Portada del libro de ed. Acantilado

Cuando escribí, para este diario privado-público que es mi blog, o cualquier blog, la entrada sobre el libro de Viktor Klemperer, libro que trataba sobre el lenguaje corrupto de los nazis, ya tenía yo una cierta monomanía por el uso del lenguaje, tanto para bien como para mal (aquello de “Otan, de entrada, no”, fue una genialidad total, piénsese si para bien o para mal). ¡Claro que había leído sobre el tema!, pero aun en el caso de haber estudiado lingüística, o haber meditado largo y profundo sobre el lenguaje del franquismo, tan empantanado en cuestiones, no religiosas, sino morales con peste a sobaquina y orines, o haberme empapado en textos sobre mercadotecnia y publicidad, no habría alcanzado los niveles a los que me llevó Klemperer. Fue, ¿cómo diría?, como si a una persona con una obsesión irrealizable, como cazar elefantes en África, por ejemplo, se le ofreciera la posibilidad de cumplirla una vez, y sólo una vez. ¿Qué conseguirá esa consumación única?: incrementar la obsesión, convertirla en locura. Pues bien, también por una vez, y sólo por una vez, mi obsesión ha tenido objeto en el que hincar el diente: Karl Kraus. Porque también os diré algo: no sirven los tratados sesudos y muy cargados de teoría, con ese lenguaje específico que no hace sino insistir en la corrupción, en el error y el horror de las palabras malintencionadas. Es tema que sólo el profesional del uso, y no el profesional de la teoría, puede fiscalizar, siempre y cuando el lenguaje empleado en ello se acerque al periodismo verdadero, a la narrativa, a la poesía. No sirve el ensayo. Seguro que me equivoco pero lo siento así. Es mi experiencia.
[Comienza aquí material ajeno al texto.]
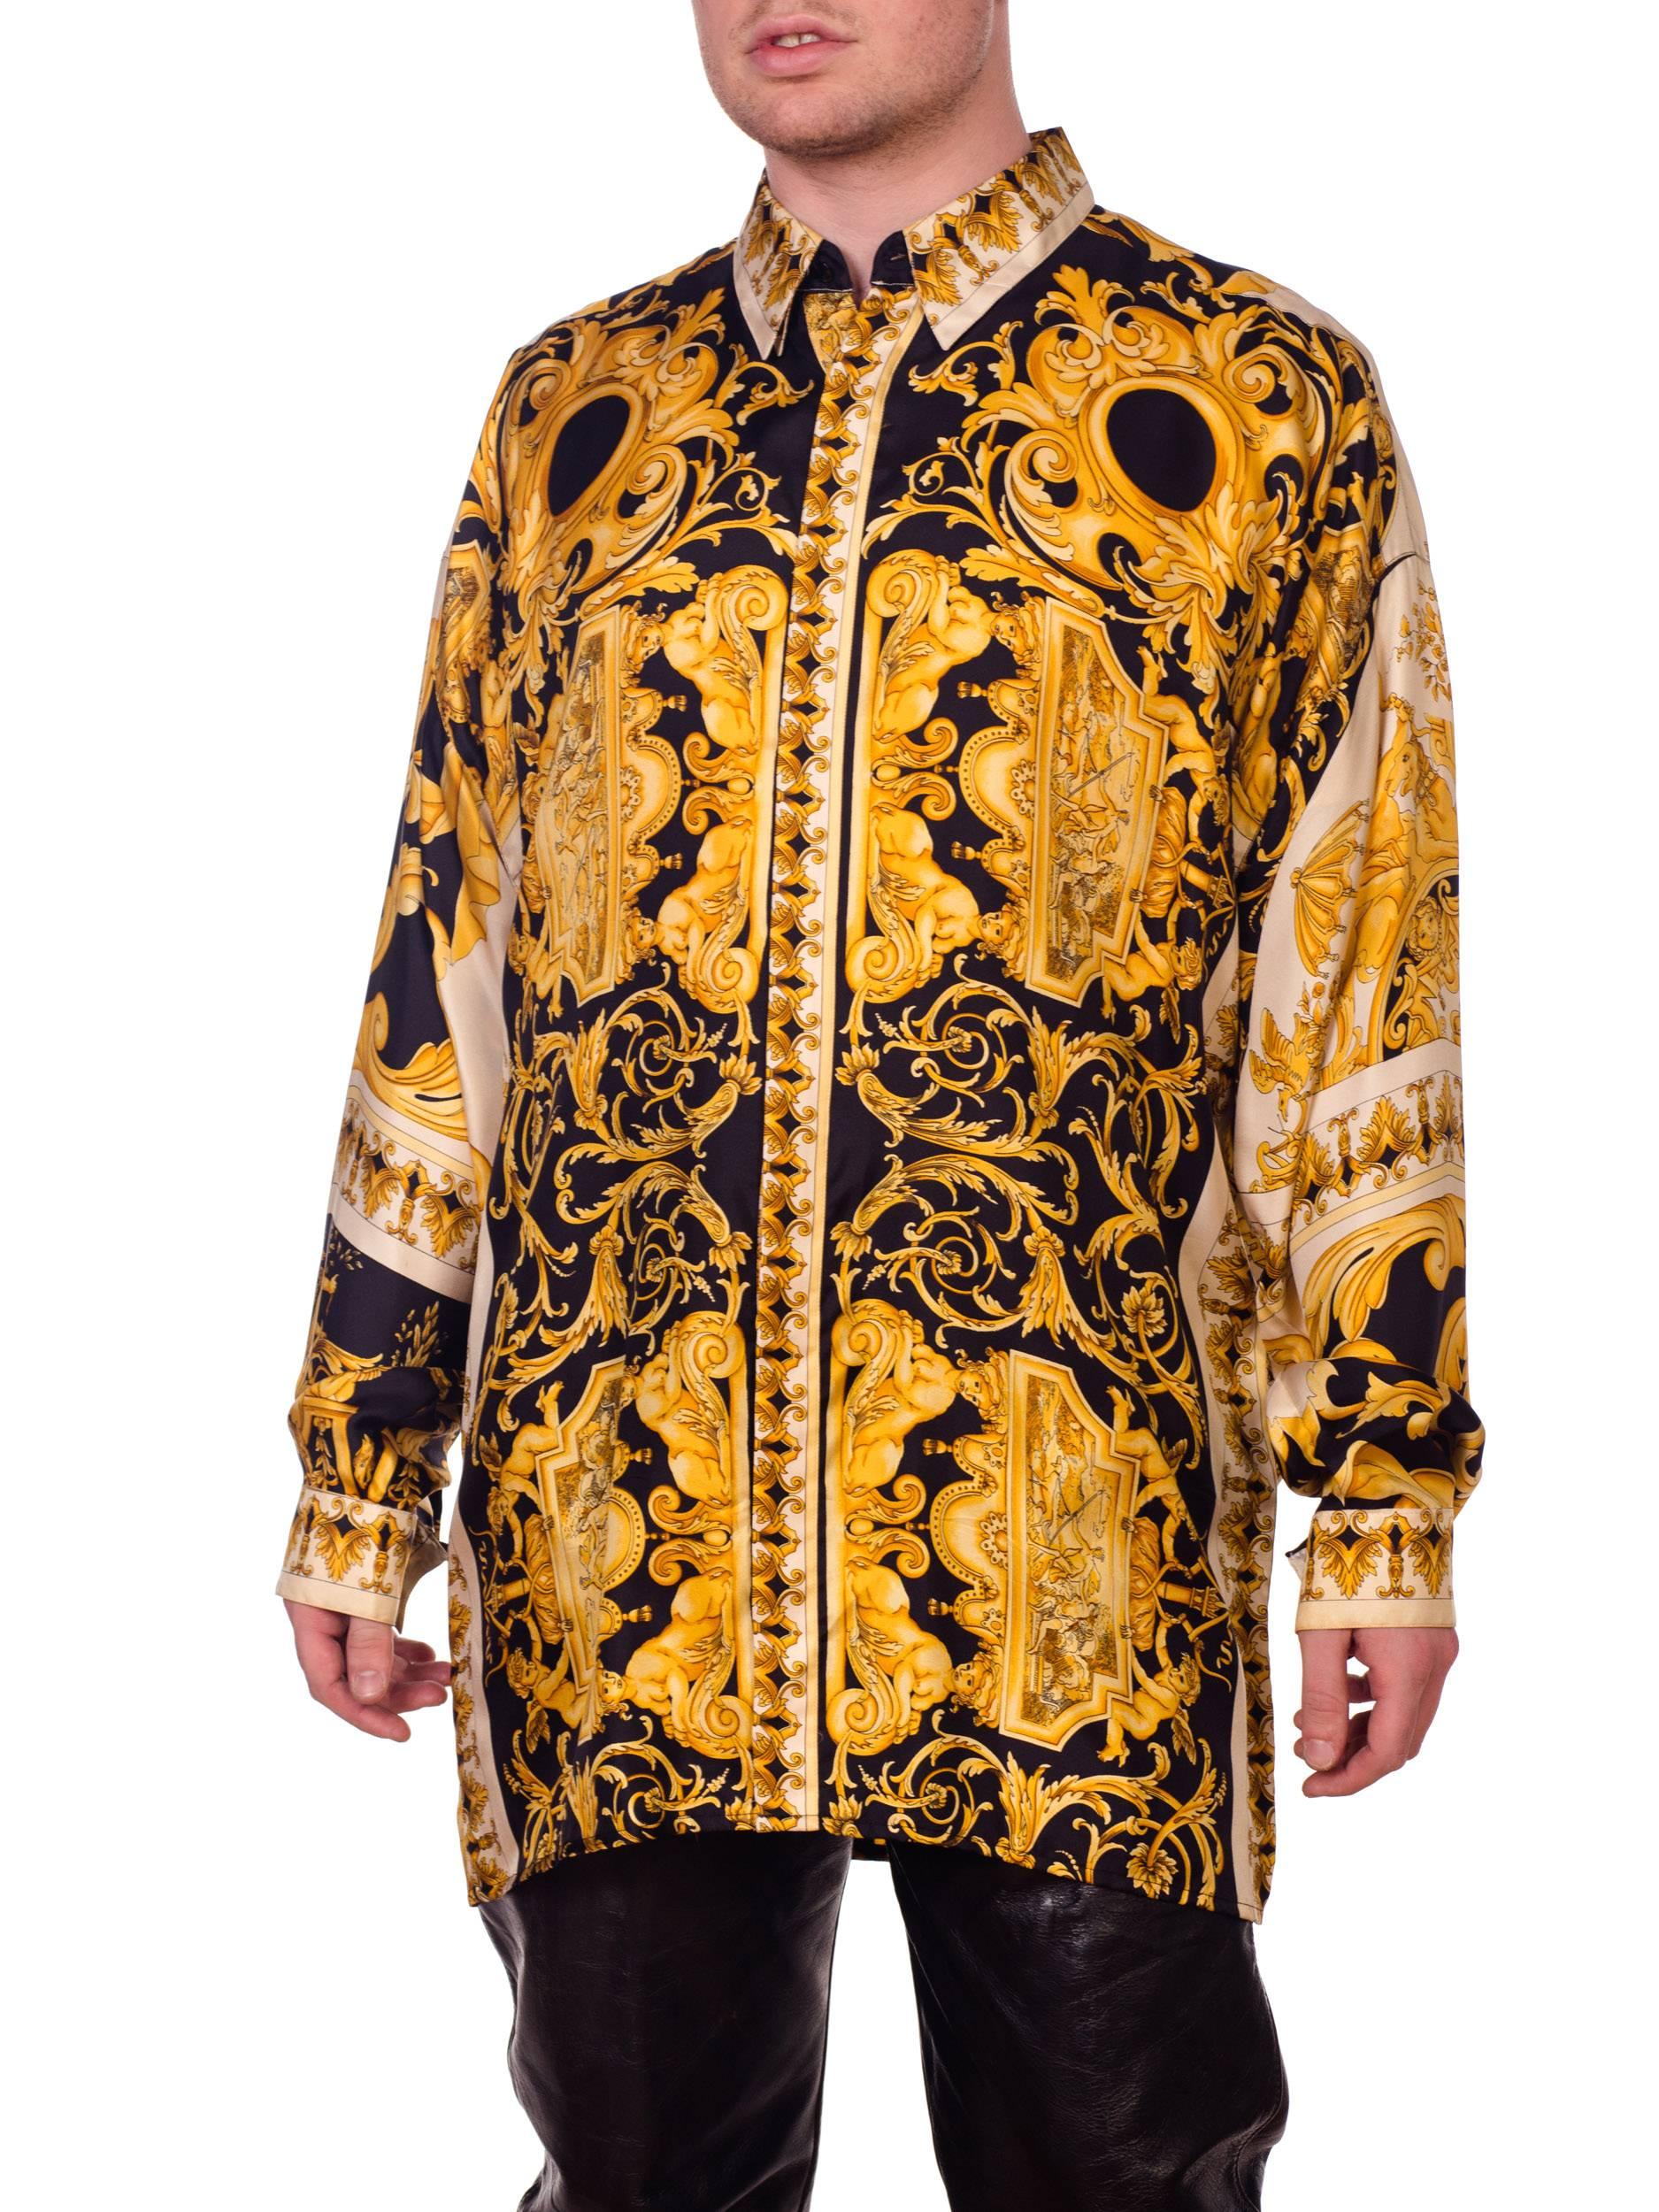 Women's or Men's Atelier Gianni Versace Silk Gold Filigree Shirt, 1990s

Sobre Karl Kraus, y ya que tenéis abierto el navegador, podéis consultar en Wikipedia. Este libro que quiero comentar es una selección de sus artículos en la revista Die Flacke, La Antorcha, que publicó él desde 1899 hasta 1936, año de su muerte, y en la que colaboraron varios amigos hasta 1912, año a partir del cual ¡la publicó y escribió él sólo!, sí, sin ayuda de nadie. Sobrevivía gracias a las suscripciones y a sus lecturas y actuaciones aquí y allá. Lecturas de sus artículos o de sus libros (Los últimos días de la humanidad, La muralla china, etc.), y actuaciones consistentes en recitado de poemas o representaciones de obras de teatro en las que él mismo hacía todos los papeles. Se puede ser un Juan Palomo cuando se sirve para ello, si no se sirve, mejor estarse quieto y dedicarse a coleccionar sellos, por ejemplo.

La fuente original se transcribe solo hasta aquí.